INFORMATION PROVIDED:
━━━━━━

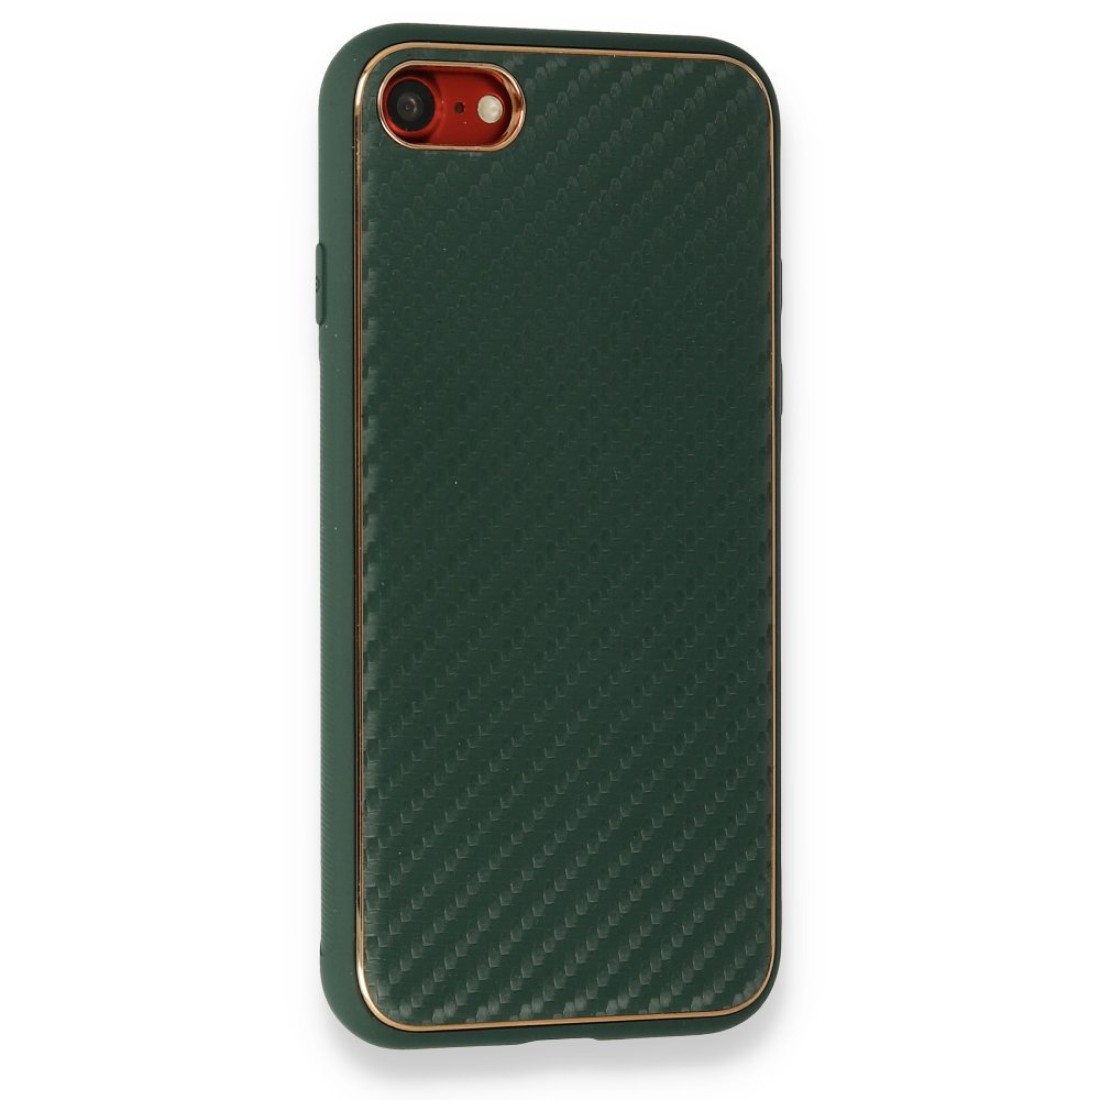 Apple iPhone 7 Kılıf Coco Karbon Silikon - Yeşil
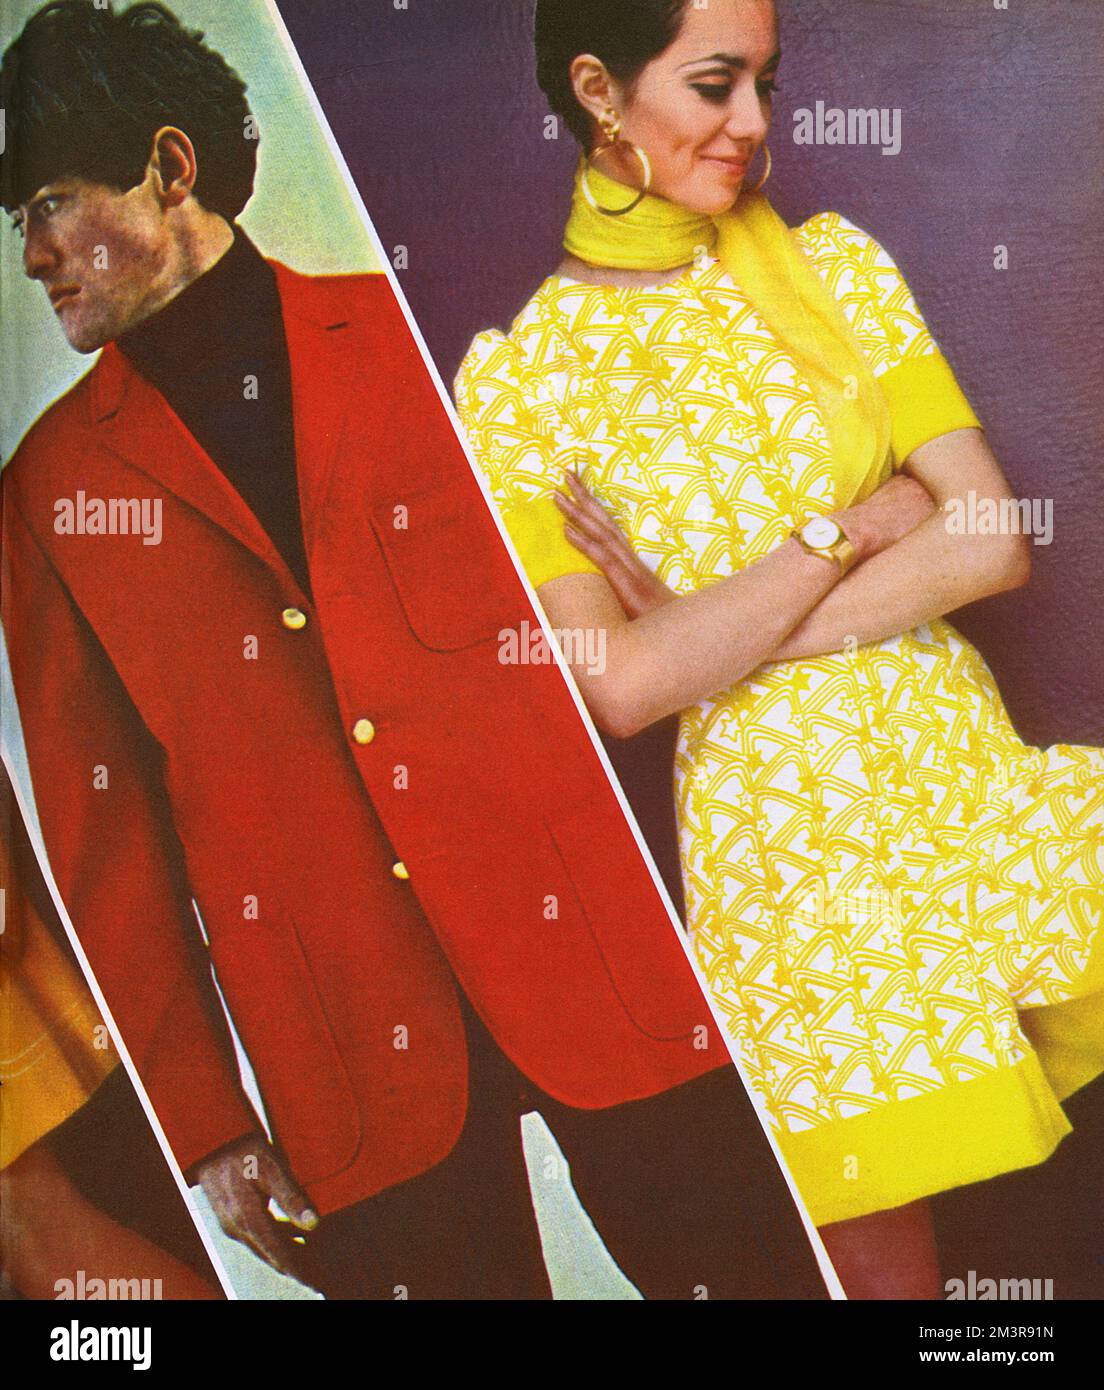 Teil einer Mode verbreitete sich 1966 im extrem groovy, aber kurzlebigen London Life Magazin. Der Mann auf der linken Seite trägt einen roten Säulenblazer von Rodex, der von der British Menswear Guild für ihre bevorstehende Ausstellung im Design Centre, exklusiv für Lillywhites, ausgewählt wurde. Das Mädchen auf der rechten Seite trägt ein kurzes, gelb-weiß bedrucktes Culotte-Kleid, 9 Guineas im Quorum, getragen mit großen goldenen Ohrringen und Chiffonschal, beide von Harrods. 1966 Stockfoto
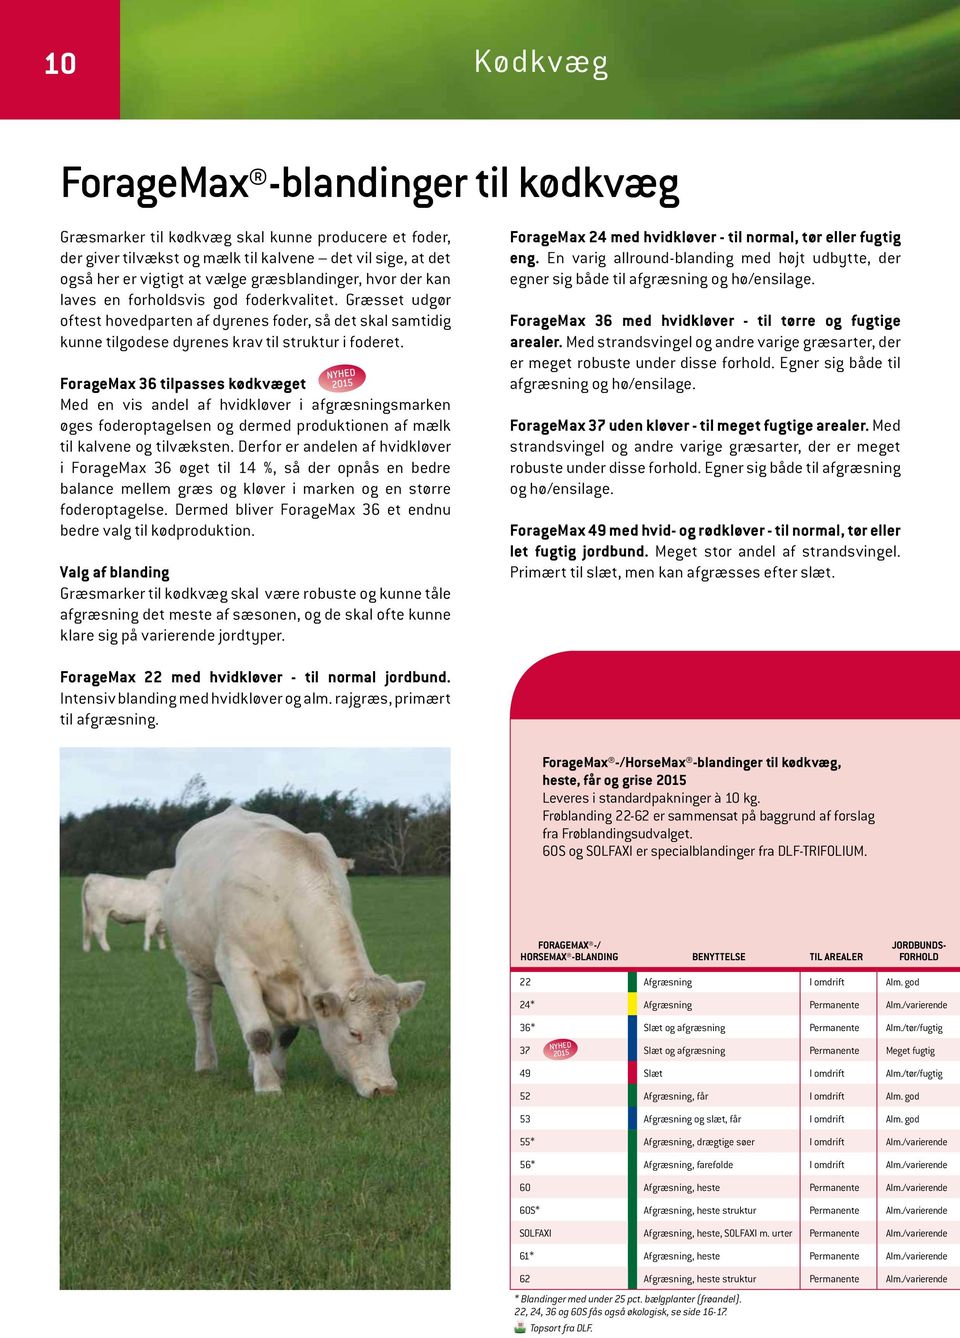 ForageMax 36 tilpasses kødkvæget Med en vis andel af hvidkløver i afgræsningsmarken øges foderoptagelsen og dermed produktionen af mælk til kalvene og tilvæksten.
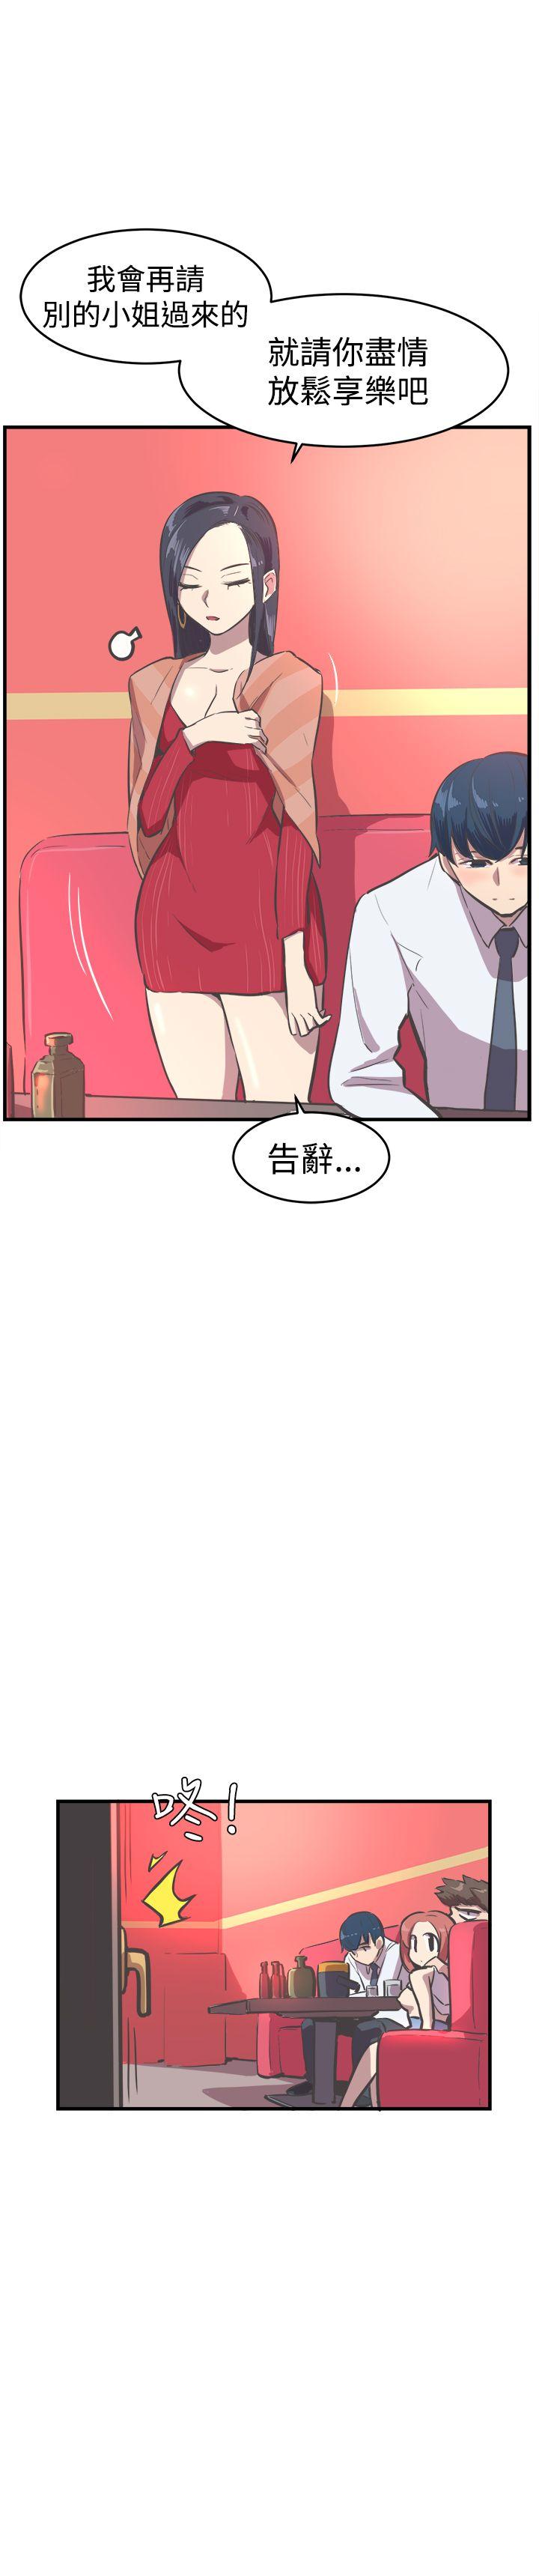 青春男女(完结)  第15话 漫画图片18.jpg

━━━━━━

WHAT YOU HAVE TO DO:
The expected output is an exact retyping of the lines from the line with "ForageMax 36 tilpasses" through the last line of the data, with both ends kept and the pictures dropped.

TASK RESULT:
 ForageMax 36 tilpasses kødkvæget Med en vis andel af hvidkløver i afgræsningsmarken øges foderoptagelsen og dermed produktionen af mælk til kalvene og tilvæksten.
 青春男女(完结)  第15话 漫画图片18.jpg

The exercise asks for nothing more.